Les flammes s'élèvent au-dessus des villages qu'ils rencontrent, les charniers se forment et dévorent les corps, les pendus poussent aux arbres comme des fleurs macabres, bourgeonnant dans la pourriture et les becs des charognards. Ils sont la lame de l'arme la plus redoutable de Masen : sa réputation. Lorsque les cors de guerre sonnent et que les hommes partent au front, femmes, enfants et vieillards se terrent, barricadent portes et fenêtres, car un jour, fut-ce tôt ou tard, l'horizon projettera son nuage de poussière et de présages funestes. Le sol alors tremblera d'effroi, sous les sabots des cavaliers, chevauchant le les chevaux de la Famine, de la Guerre, de la Pestilence et de la Mort, les montagnes répéteront leurs hurlements de démons, tandis que, dans le lointain, les lueurs des torches embraseront l'horizon. Alors, concert des carabines, chant de la poudre noire, les cris et les supplications feront les choeurs, et dans cette harmonie de carnage les Dragons seront les chefs d'orchestre, lançant dynamites, bâtons embrasés et cocktails incendiaires, brûlant, détruisant, visant et tirant, massacrant les aimés et les faibles, ensevelissant les vieillards sous les décombres et alignant les enfants devant les pelotons. Viol, meurtre et dévastation sont les instruments de ces diables aux visages d'homme, et, lorsqu'ils en jouent, les trompettes de l'apocalypse se joignent à la fanfare. Cirque de la dévastation, défilé du massacre, les chars du carnaval meurtrier s'alignent et avancent dans les rues en flammes, les corps démembrés jonchant le sol, la terre rougissant du sang des innocents, les ventres déchirés dégueulant leurs tripes mutilées et les cendres tombant en confettis sur les cadavres et les meurtriers.
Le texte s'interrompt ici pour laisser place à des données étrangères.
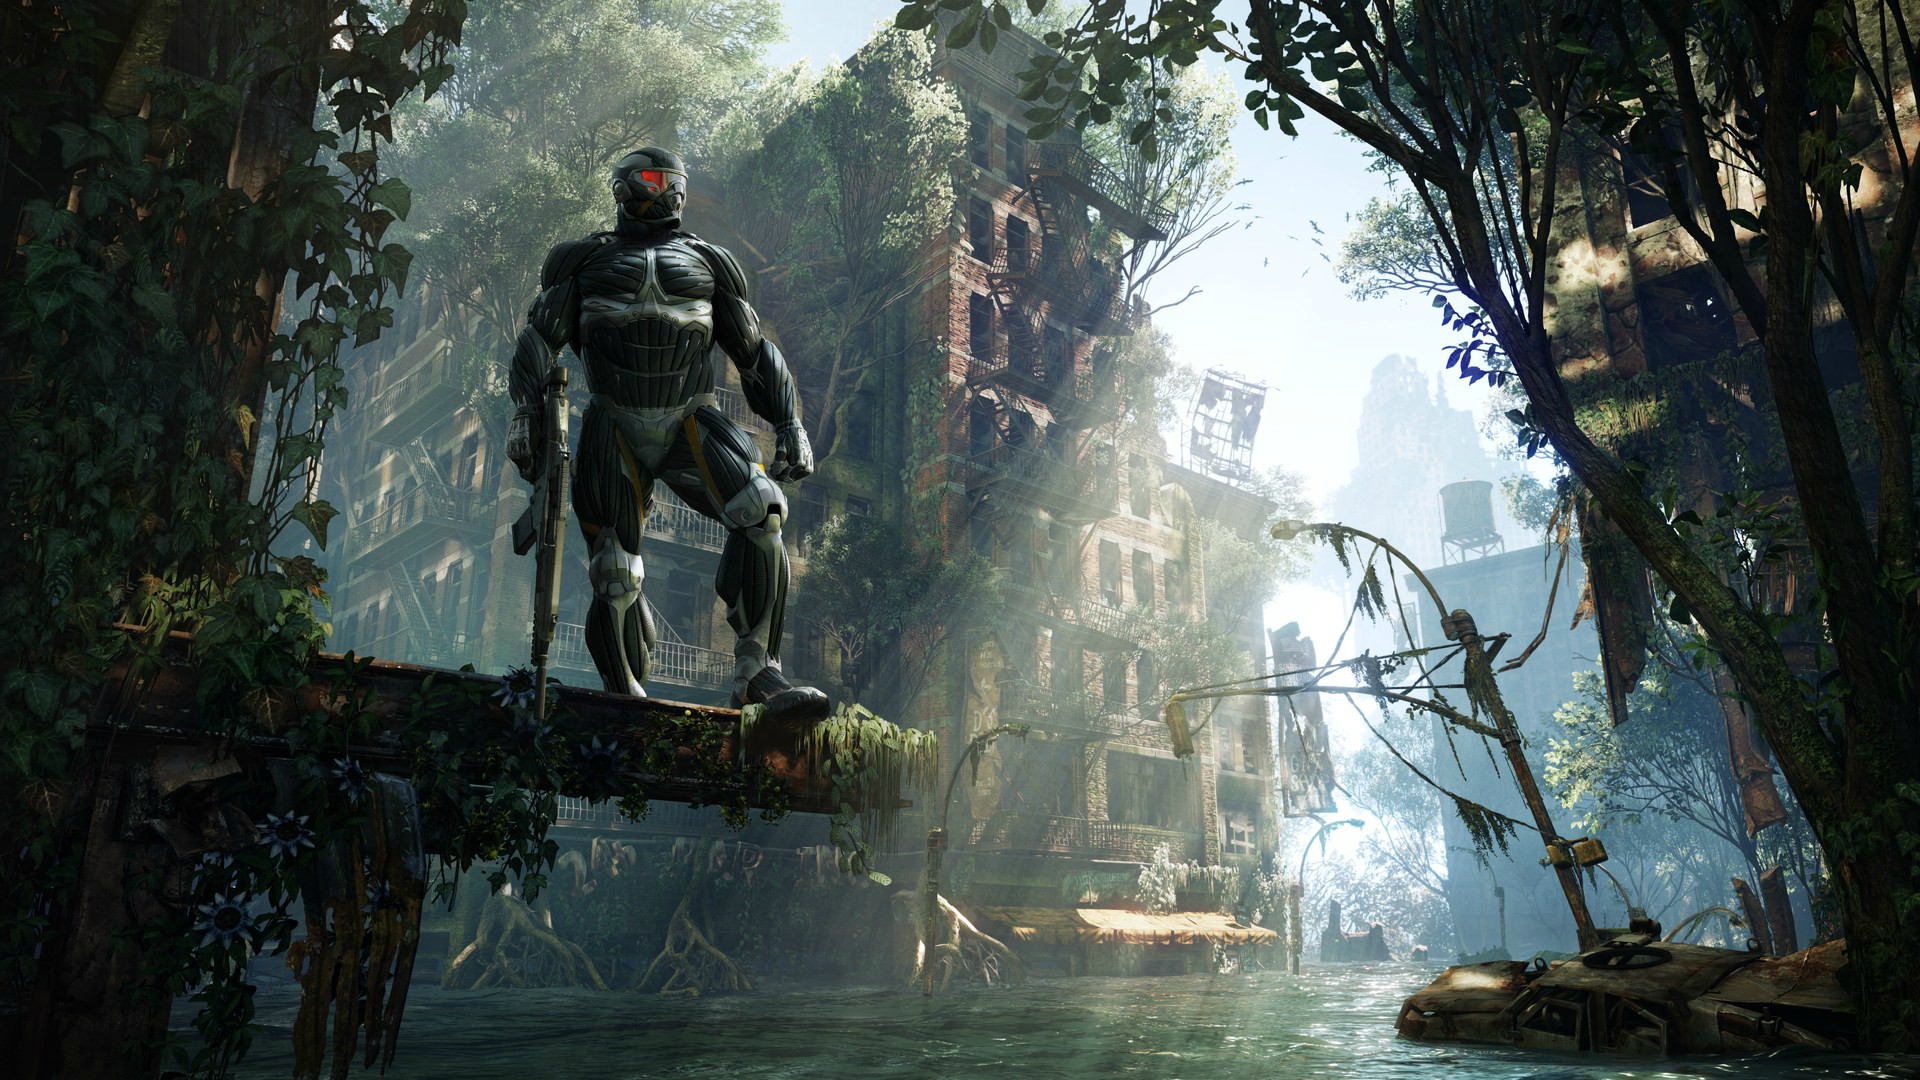 A new Crysis game is seemingly on the way

Plantant le drapeau de la barbarie, la troupe s'en va, laissant derrière elle un paysage d'enfer, une chaleur de brasier, et l'horreur la plus totale.
Les plus innocents tremblent au moment de tirer, vomissent en voyant leurs « camarades » violer des corps décapités, mais ce dégoût se meure, de jour en jour, pour ne laisser plus qu'une indifférence amorale, un mépris total de la vie humaine, parfois même un plaisir malsain à voir souffrir et faire souffrir. La visée se fait ferme, et la gâchette sûre. Cette section détruit les hommes en les faisant s'entretuer, elle brise en brisant, foulant au pied conscience et bonne conscience, maltraitant les humains et l'humanité elle-même. Merveilleuse expérience sociétale, la troupe des dragons est l'exemple parfait que l'homme peut devenir pire que ce que nos cauchemars peuvent imaginer, pire que des bêtes, pire que des diables, pire que des monstres, ces hommes sont ce qu'ils sont : Des hommes.
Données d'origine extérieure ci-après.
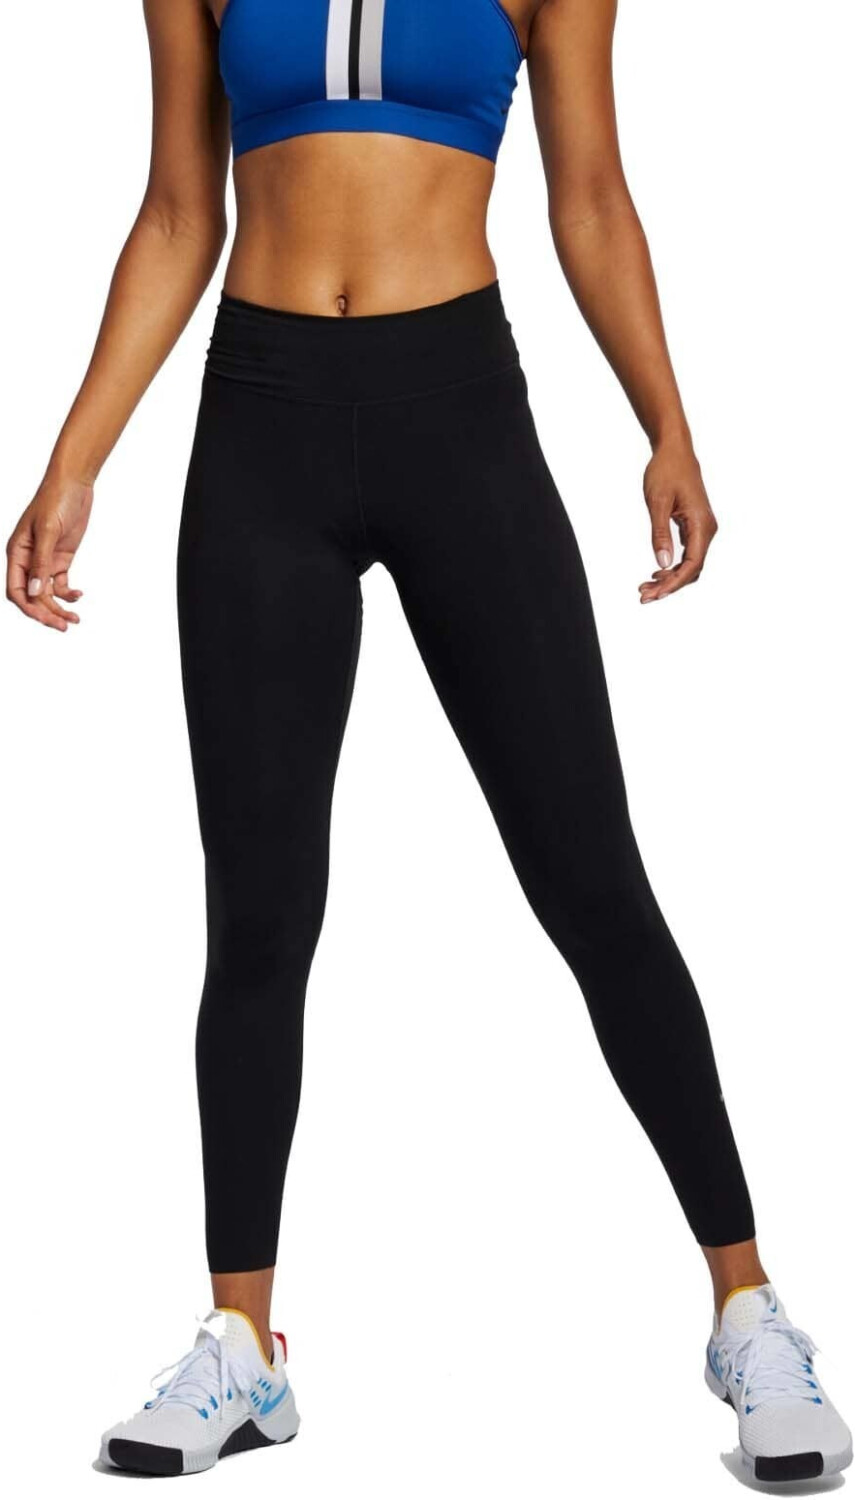 BNWT Nike Women's One Luxe Black Mid-Rise Training Leggings (AT3098-010)  Size S

Dans cette section de la peur, ce panier de crabes enragés, il n'y a pas d'amitié. Ceux qui y signent abandonnent une partie de l'humanité en noircissant la feuille d'adhésion. Repris de justice et meurtriers, voleurs et gangsters épinglés, soldats inaptes au service -rendus fous par la guerre-, dérangés, cinglés, psychotiques et tueurs nés ; voilà ce qui compose les troupes des Dragons. La section de la mort. La section de la peur. La section des flammes et de l'enfer. Masen a trouvé ses fils.